В толпе встречавших я приметил хорошенькую девочку лет десяти. Меня поразили её крупные, чёрные и как будто до глубин напитанные влагой глаза; от таких глаз трудно отвести взгляд сразу, но в то же время неловко в них смотреть: создаётся ощущение, что она видит тебя насквозь, что ей понятны твои сокровенные мысли. Она теребила костистыми длинными пальцами тонкую короткую косицу с вплетённой выцветшей атласной лентой, прятала бескровное личико за руку своей матери, очевидно стесняясь нас. Девочку звали Люсей. Мы окружили её, теребили, а она всё молчала, и по строгому, но испуганному выражению её лица можно было подумать, что если она заговорит, то непременно о чём-нибудь благоразумном, очень серьёзном.
– А ну-ка, разбойница, открывай воротья! – зыкнул дедушка бабушке, широко усмехаясь беззубым ртом. Он молодцевато стоял в телеге и размахивал бичом.
– Ишь раскомандовался, старый чёрт! – Бабушка нарочито грозно подбоченилась. – Енерал мне выискался!
Пошла было открывать, но её опередил Миха, мой двоюродный брат, двенадцатилетний мальчишка, крупный, сильный, но сонновато-вялый. Он всегда перебарывал меня, и я порой сердился на него, особенно когда он клал меня на лопатки на глазах у девочек.

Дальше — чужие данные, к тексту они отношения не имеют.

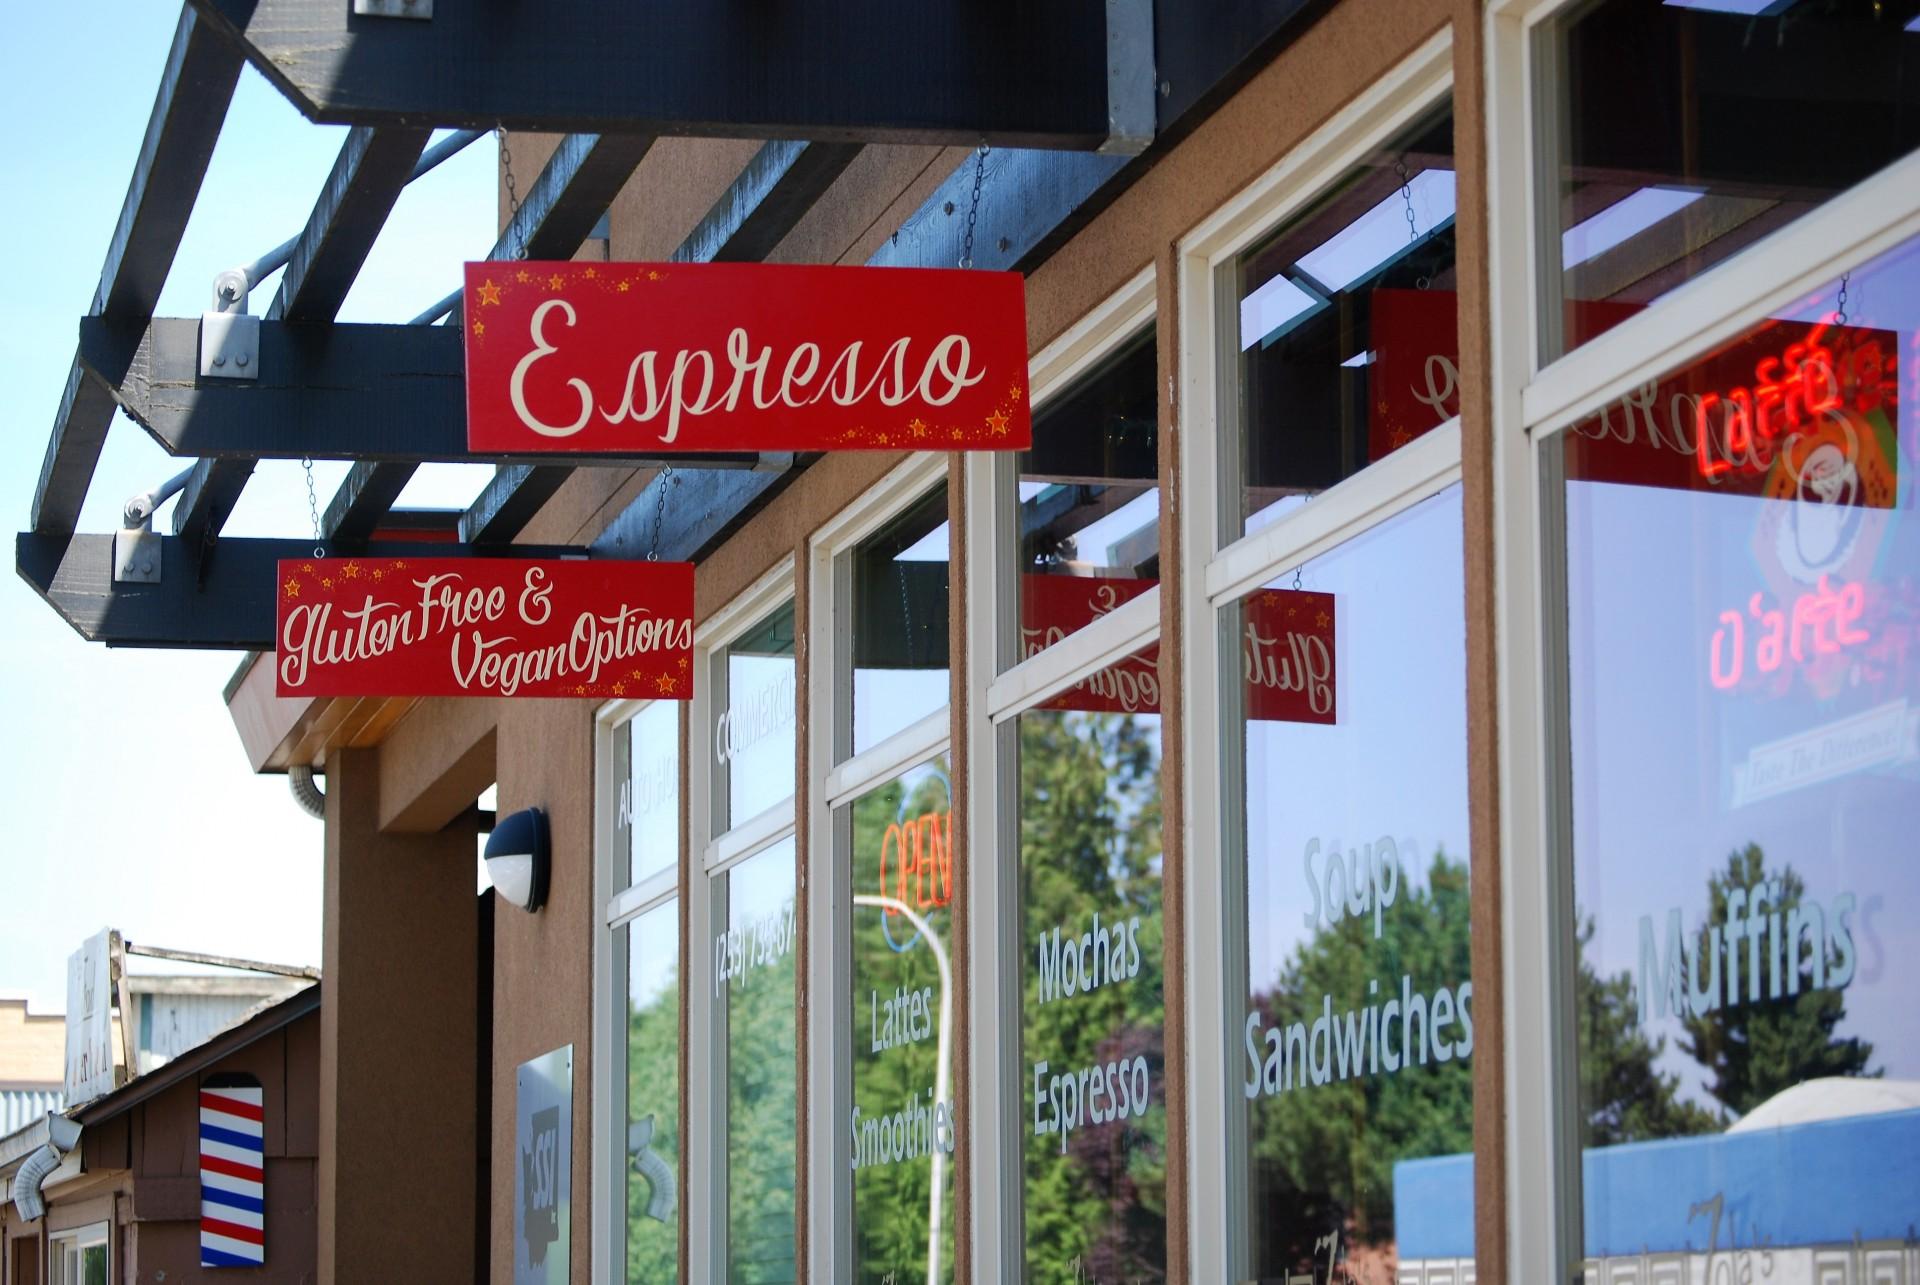 Zola's Coffee Shop 1

Потом взрослые сидели за праздничным столом. Из всех мне как-то сразу не понравился дядя Коля, отчим Люси. Я робел под его твёрдым мрачноватым поглядом. Когда наши глаза встречались, я свои немедля отводил в сторону. Дядя Коля на всех смотрел так, словно был чем-то недоволен или раздражён. Миха мне рассказал, что у дяди Коли в подполье зарыто миллион рублей и пуд золота, что он страшно жаден, и нередко морит семью голодом, дрожит над деньгами; однако через час Миха заявил, что у дяди Коли аж три пуда золота. Ещё он сообщил, что в родне поговаривают, будто дедушка написал завещание и дяде Коле, которого недолюбливал, оставил всех меньше или даже, кажется, вообще ничего.
А вот в дядю Федю, отца Михи, я просто-таки влюбился. У него выделялись большие, как у коня, кривые зубы, и они меня очень смешили. Голова у него блестела замечательной розоватой плешью, как и у брата его, дяди Пети, и казалась политой маслом. Он любил говорить, точнее, как и дедушка, кричать:
– Порядок в танковых войсках!
Или подойдёт к кому-нибудь из детей и скажет:
– Три картошки, три ерша? – и ставил три лёгких щелчка и три раза тёр мозолистой ладонью по лбу. В особенности он любил вытворять такую штуку с девочками. Они пронзительно пищали и вопили, но оставались крайне довольны его вниманием. Потом кокетливо улыбались, прохаживаясь возле него и выпрашивая ещё разок три картошки да три ерша. Он неожиданно хватал их – они снова пищали, закрывая голову руками.
Дядя Федя закусывал, а я зачарованно посматривал на его большие зубы. Он подмигнул мне и поманил пальцем.
– Садись, племяш, покачаю. – Он по-щедрому далеко выставил ногу, обутую в кирзовые, съёженные старые, но отменно начищенные сапоги; к слову, сапоги он носил постоянно, в любое время года, а также и в праздники, и в будни. Он говорил, бывало: «Я – работяга, к чёрту мне туфе́ли всякие ваши». Вот, такой он был человек!
«Нашёл маленького!» – заносчиво подумал я, посасывая сахарного петушка.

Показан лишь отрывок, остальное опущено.